Welkom dus ieder, op dit moment en natuurlijk hoort u die op uw kamer mee kijkt en bidt er ook bij!
 
Preek
 
Vorige week, als u zich dat herinnert, hoorden we Jezus praten over ” bidden” En vandaag spreek Hij ons, mensen van nu aan, ook weer over bidden, en ik denk dat Jezus het nog dichterbij ons wil brengen, en Hij komt ons zeggen, ja het is óók voor jou, en er moet niks, Je hoeft niks te veranderen, maar wil even naar Me luisteren!
Ik ga eerst naar het verhaal van Jezus via de paus Franciscus, die nu tegen de mensen van deze tijd steeds zegt:
 
Man, vrouw, jongen, meisje, als je soms tegen mij en mensen van de kerk opkijkt, en als je denkt: ik hoor er niet bij. ik kan veel dingen niet volbrengen. Ja, dan heb ik een boodschap voor je:  God heeft je  lief, dat altijd eerst,
en je bent zoals je bent, en Hij ziet je graag en houdt van je. En wat wil je graag?
Ik hoop dat we die taal horen, die ik hier al die jaren dat ik hier mag zijn  uit mag strooien.
Ik pak dan uit het verhaal van Jezus alleen die tollenaar eruit: 
De tollenaar bleef achter in de tempel staan, ( bij de uitgang ) Tollenaar, is iemand die mensen geld afperst, en er goed van leeft.
Deze, komt tot nadenken. Hij is ver van God. Gelooft hij nog, denk hij zelf. Hij durft zelfs niet naar boven te kijken, en wat hij nog ergens geleerd heeft: hij klopt op zijn borst. 
 
Er zijn ook mensen, die over God niet willen horen, die alles maar weg vagen, het bestaat niet, kan niet, het is van een oude tijd.
En toch wil ik kijken naar ook die mensen, en God is voor hen ook gekomen in Jezus...o
 
Het is gemakkelijk om dit verhaal van Jezus even naar voren te schuiven. Farizeeër, was wel een gelovig iemand in Jezus tijd, maar hij kijkt neer op wie niet geloven, of die kwade dingen doen, en hij vindt zich eigenlijk wel goed...
Nou, wij zijn allemaal gelovige mensen, we hebben allemaal een hart van God en voor God, en daarom ben je hier. En God vraagt niet veel: of je veel ven Hem weet, of je veel van de Bijbel weet? Dat is niet het eerste!  Maar Hij vindt het belangrijkste, dat je hier bent en mee doet, mee bidt, misschien zacht en als je niet goed kunt zingen, dan maar brommen of luisteren naar de anderen.
 
Ja, de tollenaar, die achteraan blijft, en die zegt: God ik heb veel niet goed gedaan met mensen.

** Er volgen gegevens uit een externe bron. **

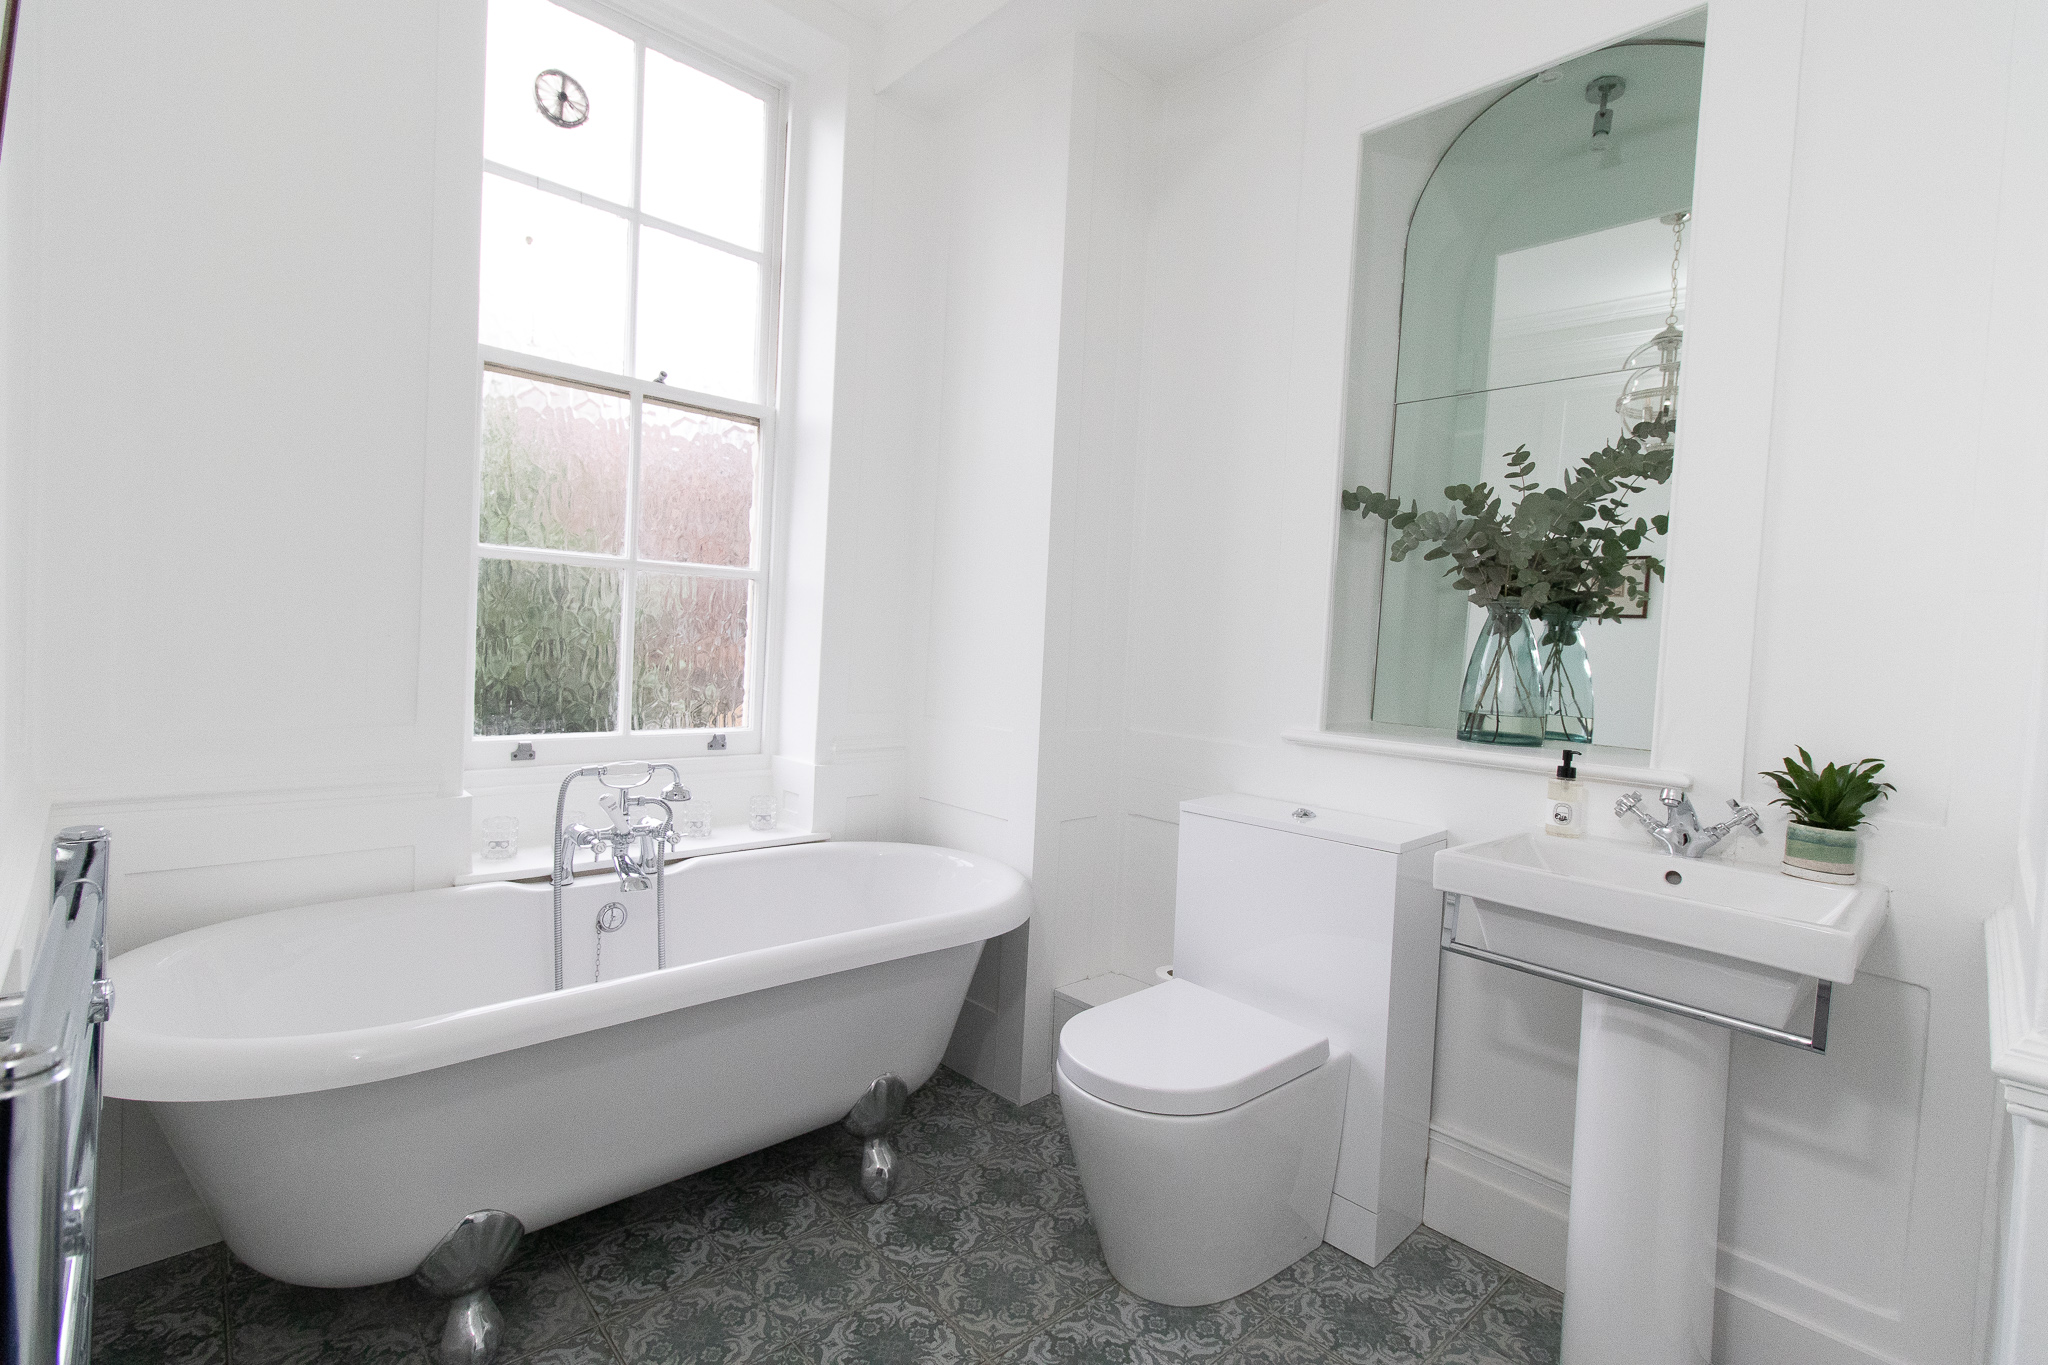 WHITE BATHROOM, CLAWFOOT BATHTUB, GREY TILE, PRSTIGE BUILD, RENOVATION.jpg

Ik heb niks, ik kan niks , ik ben toch maar gekomen, Ik blijf ver, ik durf niet U aan te kijken, en ik kijk maar naar de grond. En ik hoor nu uit het verhaal van Jezus, dat ik mag blijven waar ik ben, dat U naar mij al toe komt, , bij het kleinste teken, of dat ik even aan U denk of ,dat ik het niet meer weet om wat er allemaal gebeurt.
U bent er!
 
En U zegt: 'ga maar verder, Ik ga met je mee, en ga maar proberen om goed te doen.
 
Jezus zegt:
Ieder hoort erbij ... en..... kunnen we dat nou niet aan iemand door vertellen? denk er aan bijvoorbeeld: een verhaal van oma of opa daar luisteren ze wel naar, vertel weer  van die man achterin, en als ze zich daar achterin voelen, zeg maar: je bent vast binnen, en God wil je, houdt van je, en Hij gaat met je mee bij alles wat je mee maakt.